SULTAN ABDÜLAZİZ’İN İKİNCİ MABEYİNCİSİ FAHRİ BEY’İN İADE-İ MUHAKEME TEŞEBBÜSÜ ve LAYİHASI


30 Mayıs 1876 da, Sultan Abdülaziz hal’ edilir. Sultan Abdülaziz’i hal’ edenler, onun yerine 5. Murad’ı tahta geçirir. Abdülaziz, hal’in 6. Günü, 4 Haziran 1876 da intihar eder. Sultan 5. Murad ise, bu hadiselerden çok etkilenir ve cülusunun 10. Gününden itibaren delilik emareleri baş gösterir. Kılıç Alayı yapılamaz ve Cuma Selamlığına çıkamaz olur. Hal’de etkin rol oynayan Serasker Hüseyin Avni Paşa, hal’in 17. Günü yani 15 Haziran 1876 Perşembe akşamı, Çerkez Hasan tarafından katledilir.  Bu arada Sadrazam Mütercim Mehmed Rüştü Paşa ülkeyi adeta bir padişah gibi yönetmek durumunda kalır.

Bu durum,  şikâyet ve sızlanmalara neden olunca, Şehzade Abdülhamid ile görüşülür. Görüşmeyi Midhat Paşa yürütür. Kanuni Esasi (Anayasa ) ve Meşrutiyet İdaresi sözü alınarak, bir başka şer’i fetva ile bu sefer, 5. Murad hal’ edilerek, II. Abdülhamid 31 Ağustos 1876 da tahta oturur.

Hal’ edilen 5. Murad ise Çırağan Sarayında, vefat ettiği 1904 yılına kadar tam 28 sene mahpus hayatı yaşar. 5. Murad’ın saltanat süresi 30 Mayıs 1876 ila 31 Ağustos 1876 arası tam 93 gündür. Bu sene Rûmî 293 senesi olduğundan şair;

“Doksan üçte doksan üç gün Pâdişah-ı Mülk olup,

Göçtü matemgâhına Sultan Murad-ı nâmurad” demiştir.

Bundan sonra II. Abdülhamid’in tam 33 yıl sürecek saltanatı başlar.

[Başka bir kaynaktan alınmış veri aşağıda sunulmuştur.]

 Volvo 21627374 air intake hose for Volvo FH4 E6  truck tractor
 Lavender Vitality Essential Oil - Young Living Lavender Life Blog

II. Abdülhamid’in döneminin en önemli olayı 1877-78 Osmanlı- Rus Savaşıdır ki bizde 93 Harbi olarak meşhurdur. 1878 başlarında henüz Ruslar, Ayastefanos (Yeşilköy) da bulunurken 20 Mayıs 1878 da Ali Suavi, Balkanlardan İstanbul’a sığınan göçmenlerden oluşturduğu 300-400 kişilik, grupla Çırağan Sarayı’nı basarak, 5. Murad’ı tahta geçirmek teşebbüsünde bulunur. Hatta içeri girip te, Sultan Murad’ın elini tutup: “Sultanım, bizi Moskoflardan kurtar” der. Der demesine amma Beşiktaş Muhafızı Yedi Sekiz Hasan Paşa’nın başına vurduğu bir sopa ile orada öldürülür. Bu hadisede 23 zavallı öldürülür, 15’i de yaralanır.[1]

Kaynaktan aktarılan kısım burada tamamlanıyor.